Pressão em dois mundos: vida e finanças
Roberto destaca que, embora o mundo público e o privado tenham peculiaridades distintas, ambos compartilham um elemento comum: a pressão constante. No setor público, o desafio é existencial – colocar a vida em risco para proteger outros. No setor privado, a pressão é financeira – sobreviver em um ambiente de beligerância comercial, lidando com clientes, funcionários, leis e concorrência.

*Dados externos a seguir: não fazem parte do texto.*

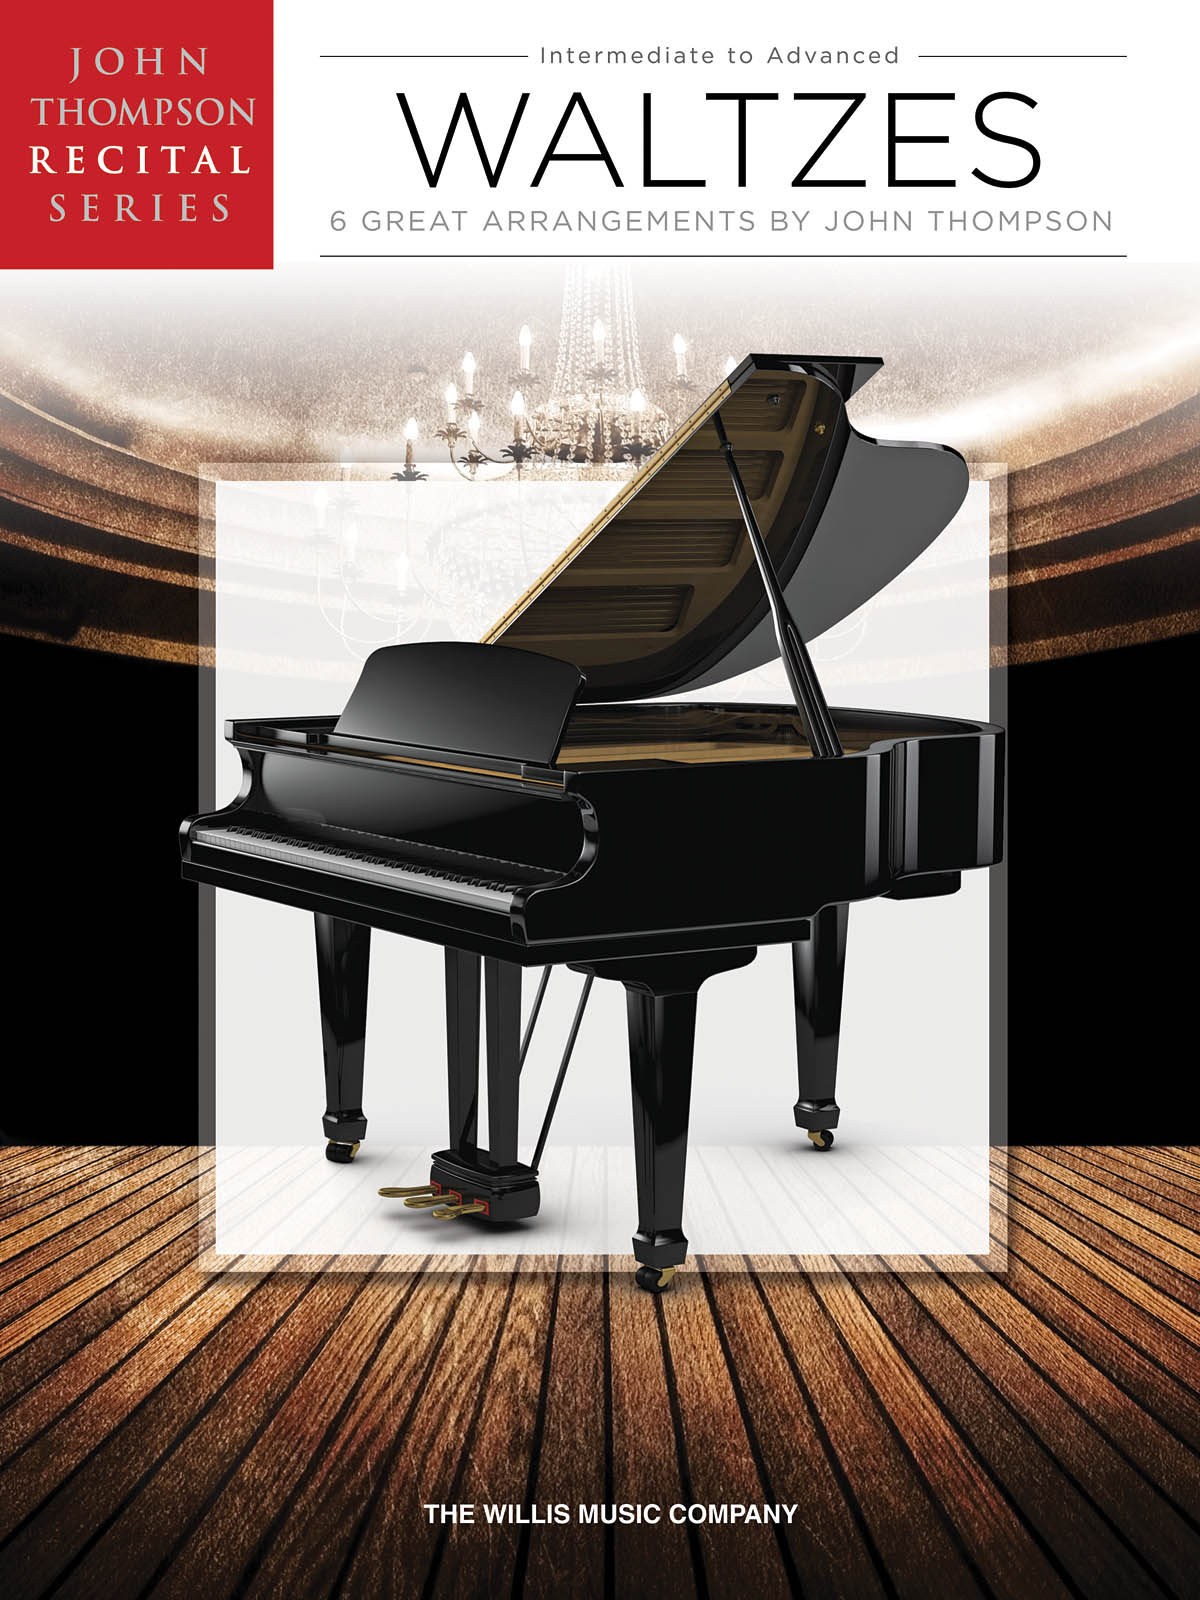 John Thompson Recital Series: Waltzes - Intermediate to Advanced - filmové melodie na klavír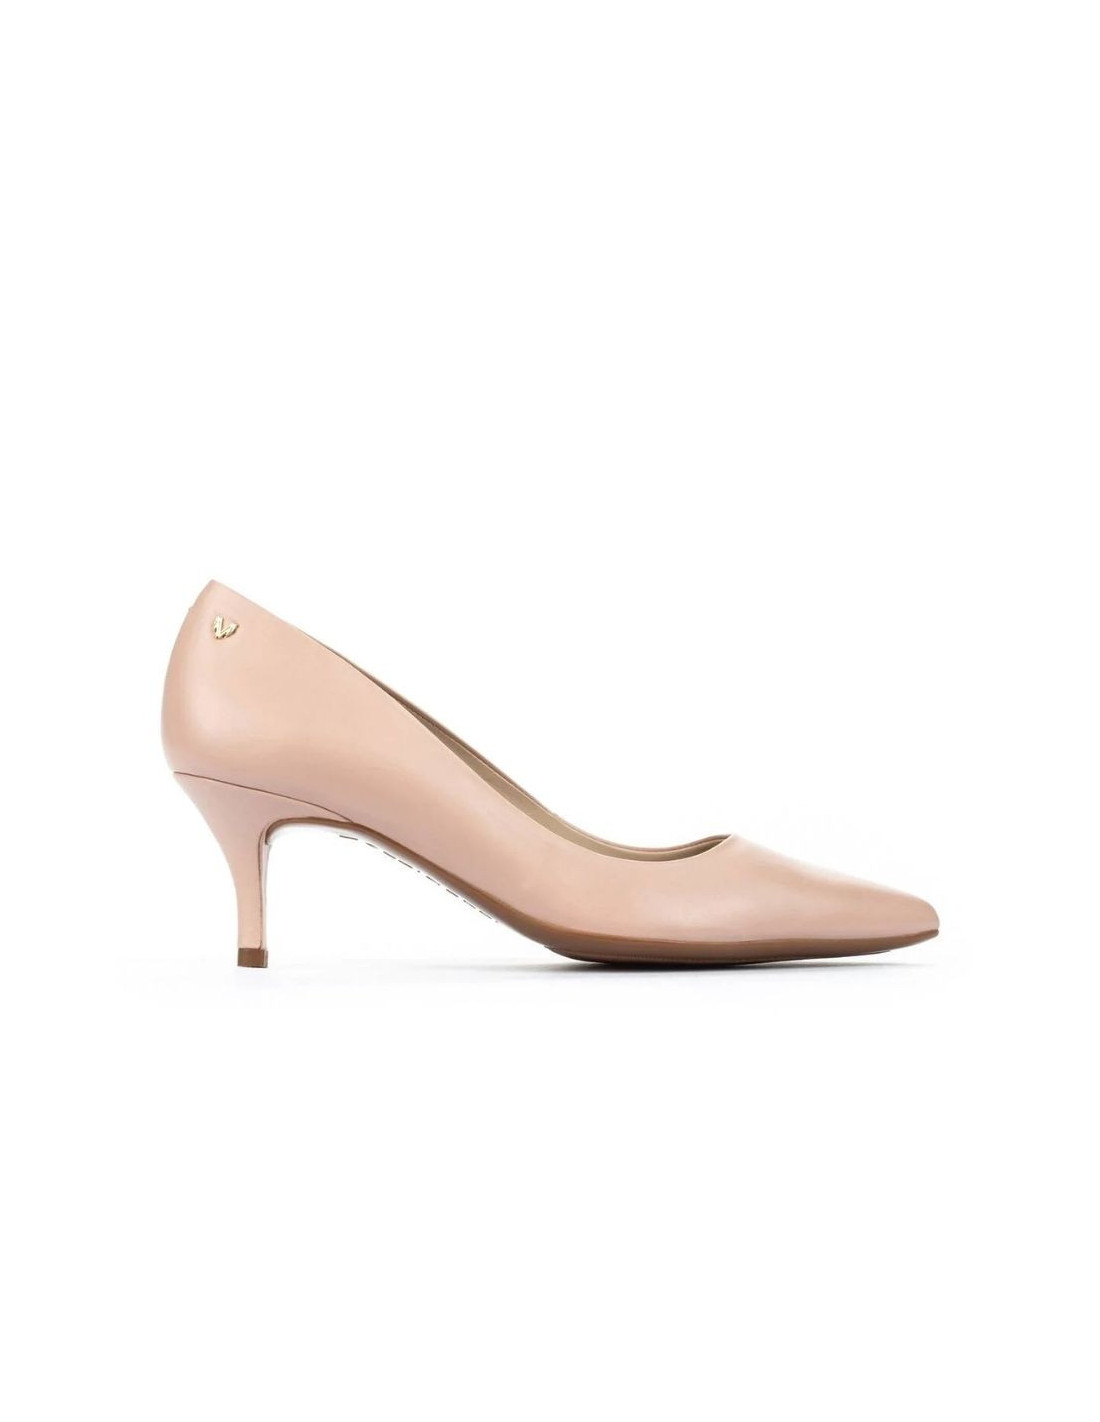 Zapatos Fontaine color nude para mujer de Martinelli - Tienda Online

“No final, qual é a congruência disso? Pressão, gestão de crise, porque toda hora acontece crise, seja no público, seja no privado. Ela é uma certeza.” Ele observa que tanto a perda de um cliente quanto uma tragédia natural exigem uma resposta rápida e estruturada. A diferença está no tipo de ameaça: física ou financeira, mas ambas exigem liderança e capacidade de decisão.
O repertório como base da tomada de decisão
Roberto explica que a tomada de decisão em crises depende de um equilíbrio entre informação e tempo. Quanto menos tempo disponível, menos informação se tem; e vice-versa. A chave para acertar está no repertório anterior – o acúmulo de experiências, estudos e referências que permitem ao líder identificar padrões e aplicar soluções já testadas.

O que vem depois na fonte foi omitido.